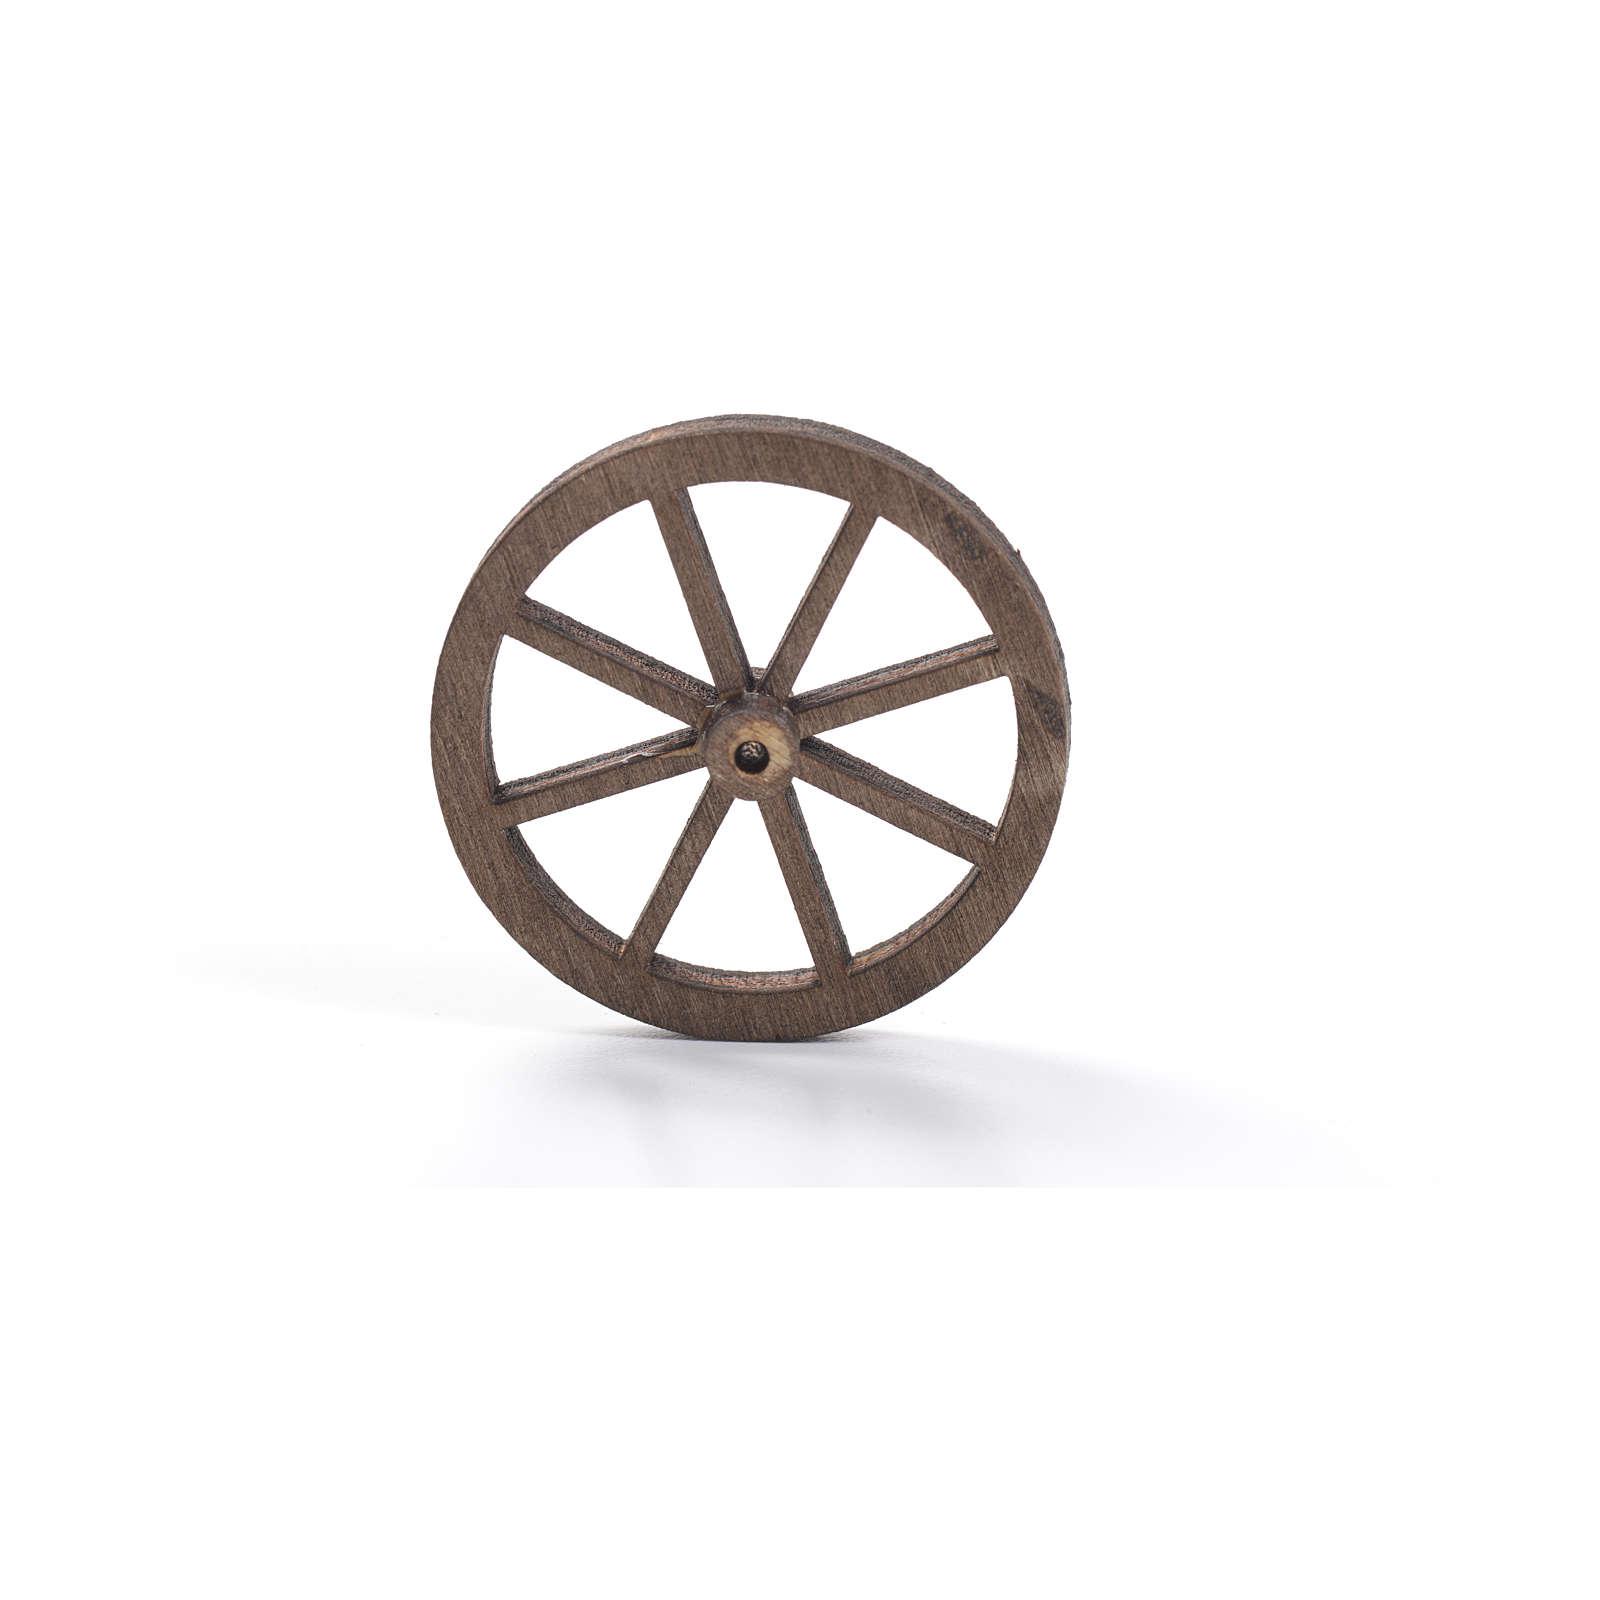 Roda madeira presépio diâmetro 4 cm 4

--

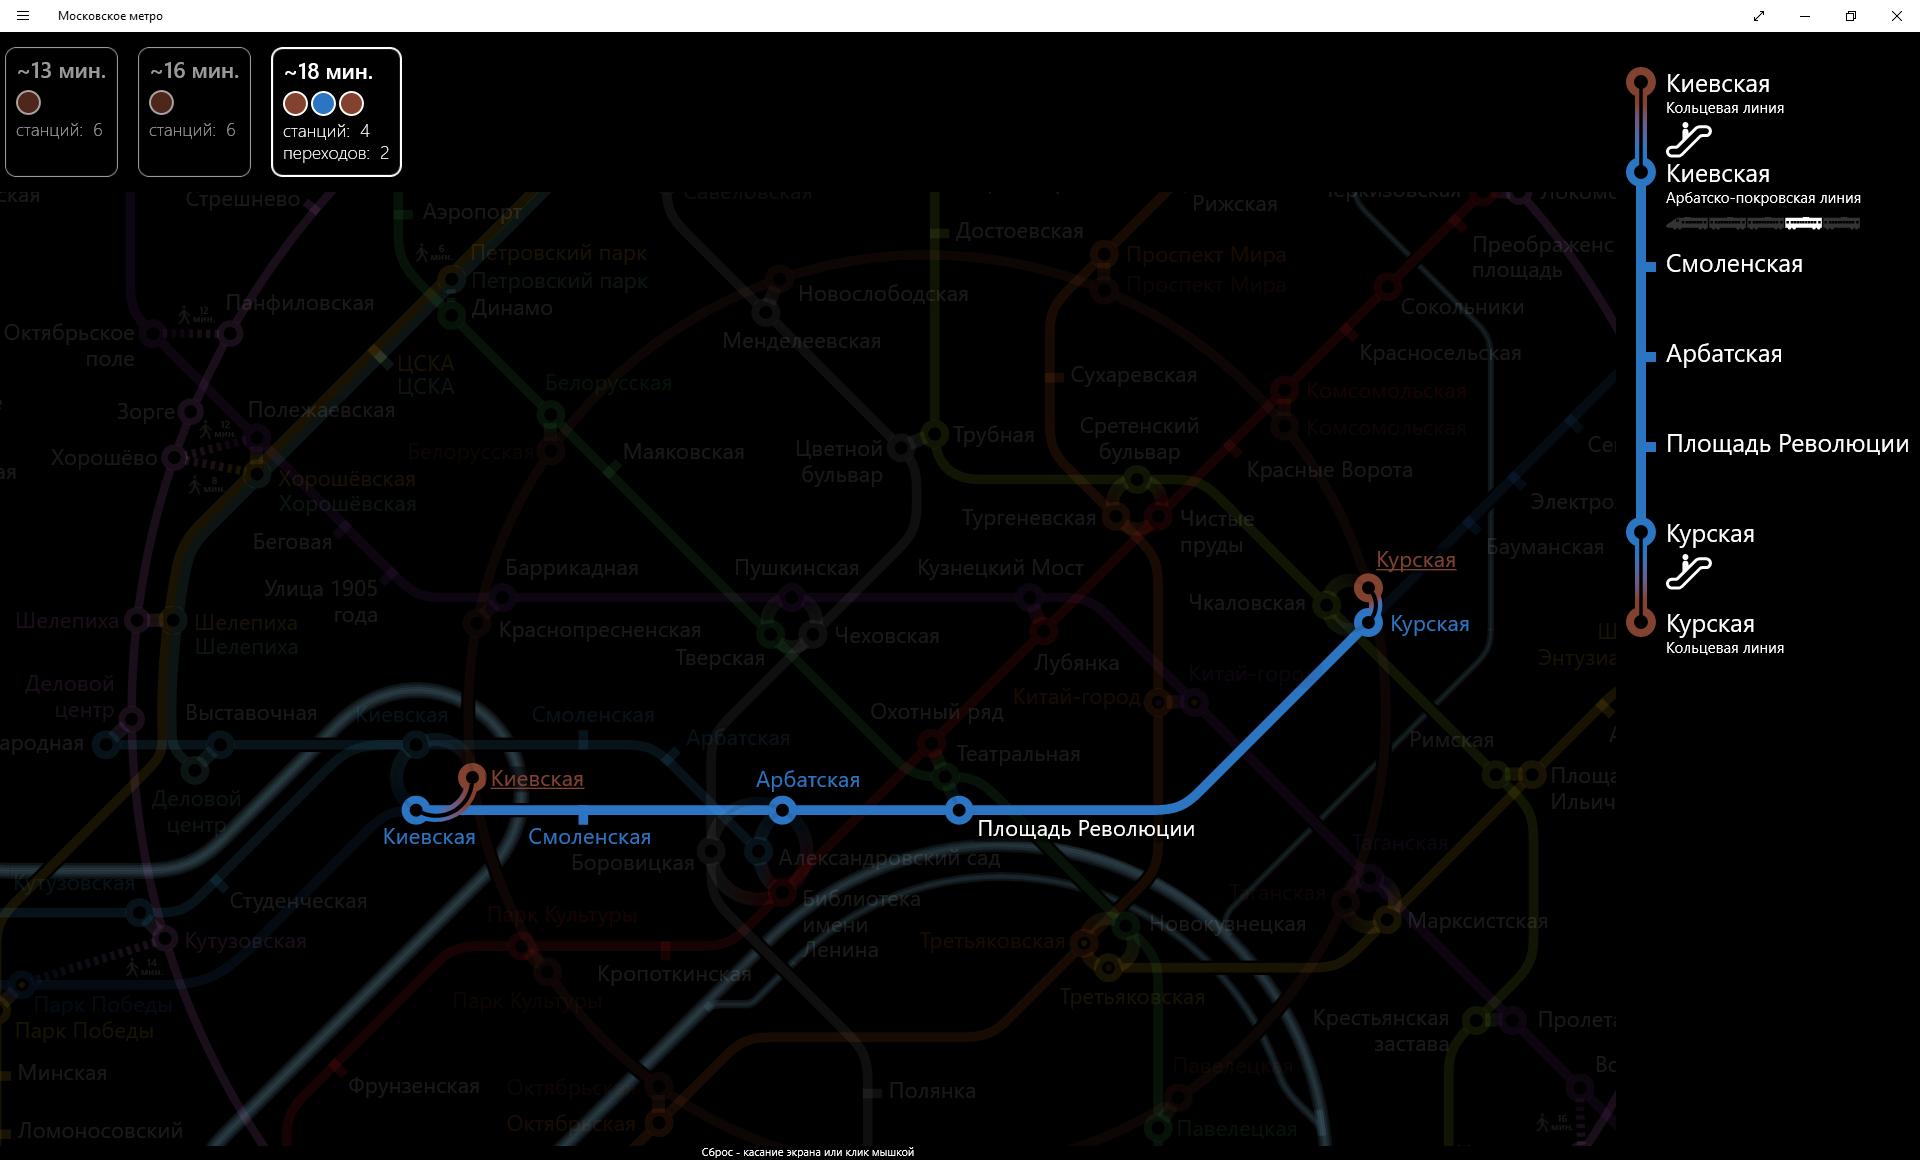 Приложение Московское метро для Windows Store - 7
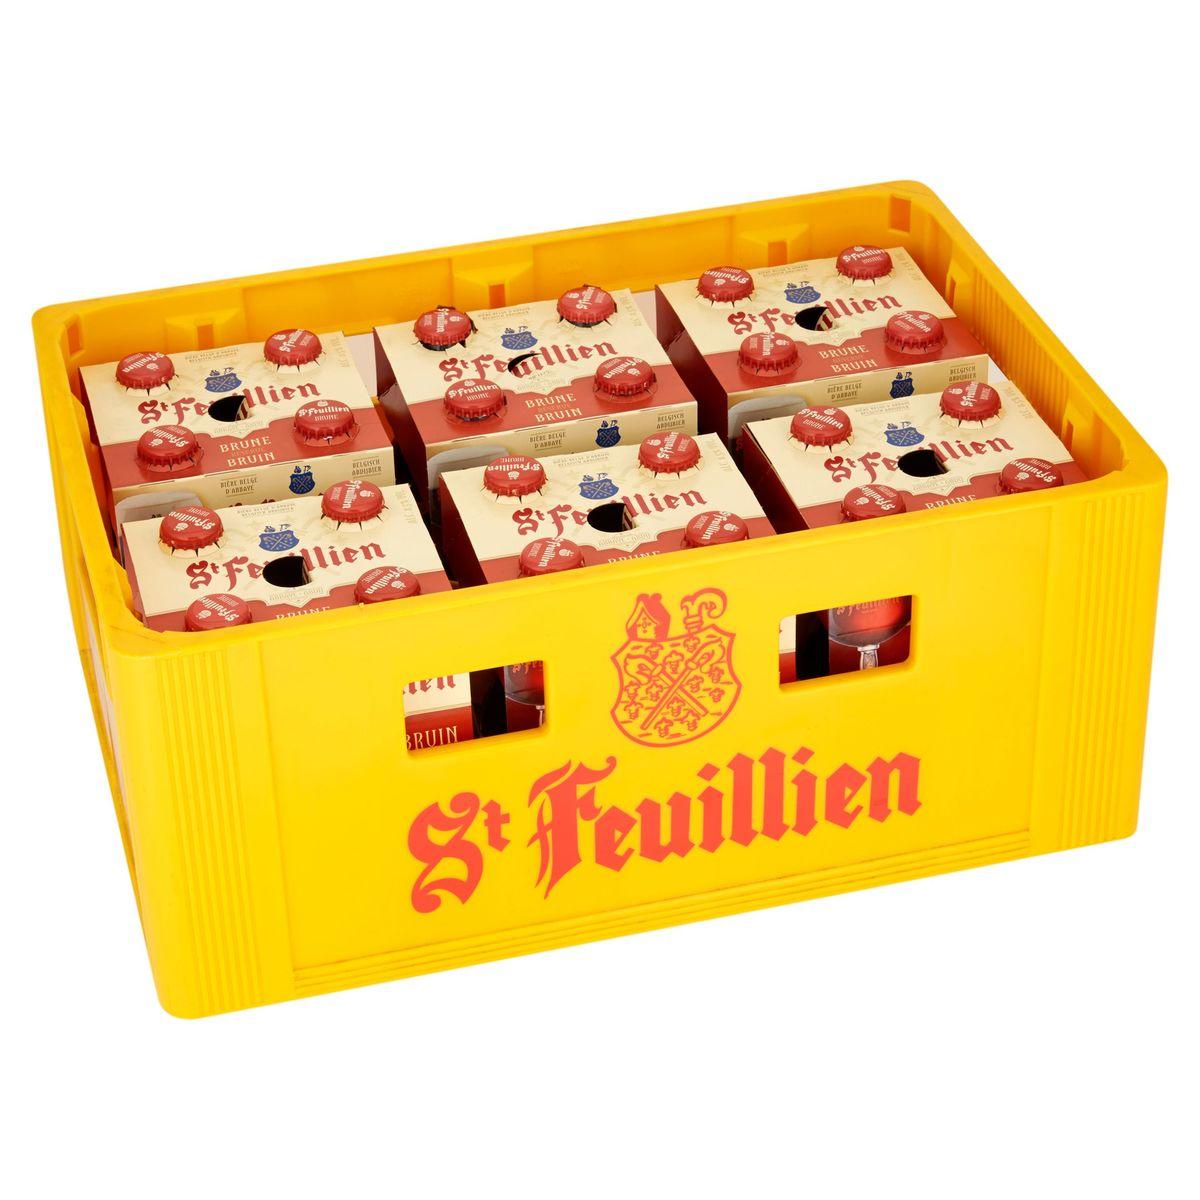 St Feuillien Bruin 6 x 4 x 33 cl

## WHAT IS EXPECTED
When you reach the line containing "Приложение Московское метро" in the entries above, begin restating word for word, and stop once the line containing "St Feuillien Bruin 6 x 4 x 33 cl" has been given. Omit the pictures.

## TASK RESPONSE
 Приложение Московское метро для Windows Store - 7
 St Feuillien Bruin 6 x 4 x 33 cl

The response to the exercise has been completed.